§ **Exercise directions**:
After locating the line that contains "План 2 этажа" in the records below, write out exactly that line and each line after it through the one that contains "Juegos De Bano", and nothing else.

§ **Provided information**:
▽

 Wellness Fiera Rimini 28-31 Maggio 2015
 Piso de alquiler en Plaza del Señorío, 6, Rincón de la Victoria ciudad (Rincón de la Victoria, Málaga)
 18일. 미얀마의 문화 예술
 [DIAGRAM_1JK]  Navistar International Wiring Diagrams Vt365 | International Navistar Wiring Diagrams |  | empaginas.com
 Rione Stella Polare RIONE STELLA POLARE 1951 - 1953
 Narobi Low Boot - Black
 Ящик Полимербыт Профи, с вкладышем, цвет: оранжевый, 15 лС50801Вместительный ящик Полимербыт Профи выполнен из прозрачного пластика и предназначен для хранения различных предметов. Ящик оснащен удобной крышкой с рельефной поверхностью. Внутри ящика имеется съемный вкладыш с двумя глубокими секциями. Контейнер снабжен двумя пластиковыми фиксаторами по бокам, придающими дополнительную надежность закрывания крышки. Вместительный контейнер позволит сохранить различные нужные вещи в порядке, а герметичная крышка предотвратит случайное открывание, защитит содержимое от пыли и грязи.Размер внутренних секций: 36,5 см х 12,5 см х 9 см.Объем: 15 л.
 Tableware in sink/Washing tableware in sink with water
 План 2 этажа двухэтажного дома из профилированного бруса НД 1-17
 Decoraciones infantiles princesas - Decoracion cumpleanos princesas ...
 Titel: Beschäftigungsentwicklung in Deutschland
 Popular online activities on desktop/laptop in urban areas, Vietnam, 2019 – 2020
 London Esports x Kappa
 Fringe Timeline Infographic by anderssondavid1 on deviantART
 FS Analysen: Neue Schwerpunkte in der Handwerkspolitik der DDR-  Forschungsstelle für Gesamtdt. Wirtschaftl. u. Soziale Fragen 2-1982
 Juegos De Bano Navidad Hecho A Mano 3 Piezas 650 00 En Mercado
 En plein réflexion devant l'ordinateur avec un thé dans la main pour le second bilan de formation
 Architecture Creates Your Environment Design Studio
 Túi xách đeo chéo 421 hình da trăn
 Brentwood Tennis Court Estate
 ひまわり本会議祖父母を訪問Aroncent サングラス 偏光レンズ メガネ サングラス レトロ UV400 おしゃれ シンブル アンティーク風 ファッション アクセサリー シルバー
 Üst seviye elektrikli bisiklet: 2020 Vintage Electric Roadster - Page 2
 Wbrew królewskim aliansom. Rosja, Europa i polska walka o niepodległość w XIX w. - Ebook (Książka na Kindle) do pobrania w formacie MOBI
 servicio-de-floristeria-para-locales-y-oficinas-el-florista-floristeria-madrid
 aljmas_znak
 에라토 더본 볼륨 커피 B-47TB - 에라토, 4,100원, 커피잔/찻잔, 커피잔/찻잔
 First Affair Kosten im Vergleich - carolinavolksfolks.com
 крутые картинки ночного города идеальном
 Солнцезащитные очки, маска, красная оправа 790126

△

§ **Result for this exercise**:
 План 2 этажа двухэтажного дома из профилированного бруса НД 1-17
 Decoraciones infantiles princesas - Decoracion cumpleanos princesas ...
 Titel: Beschäftigungsentwicklung in Deutschland
 Popular online activities on desktop/laptop in urban areas, Vietnam, 2019 – 2020
 London Esports x Kappa
 Fringe Timeline Infographic by anderssondavid1 on deviantART
 FS Analysen: Neue Schwerpunkte in der Handwerkspolitik der DDR-  Forschungsstelle für Gesamtdt. Wirtschaftl. u. Soziale Fragen 2-1982
 Juegos De Bano Navidad Hecho A Mano 3 Piezas 650 00 En Mercado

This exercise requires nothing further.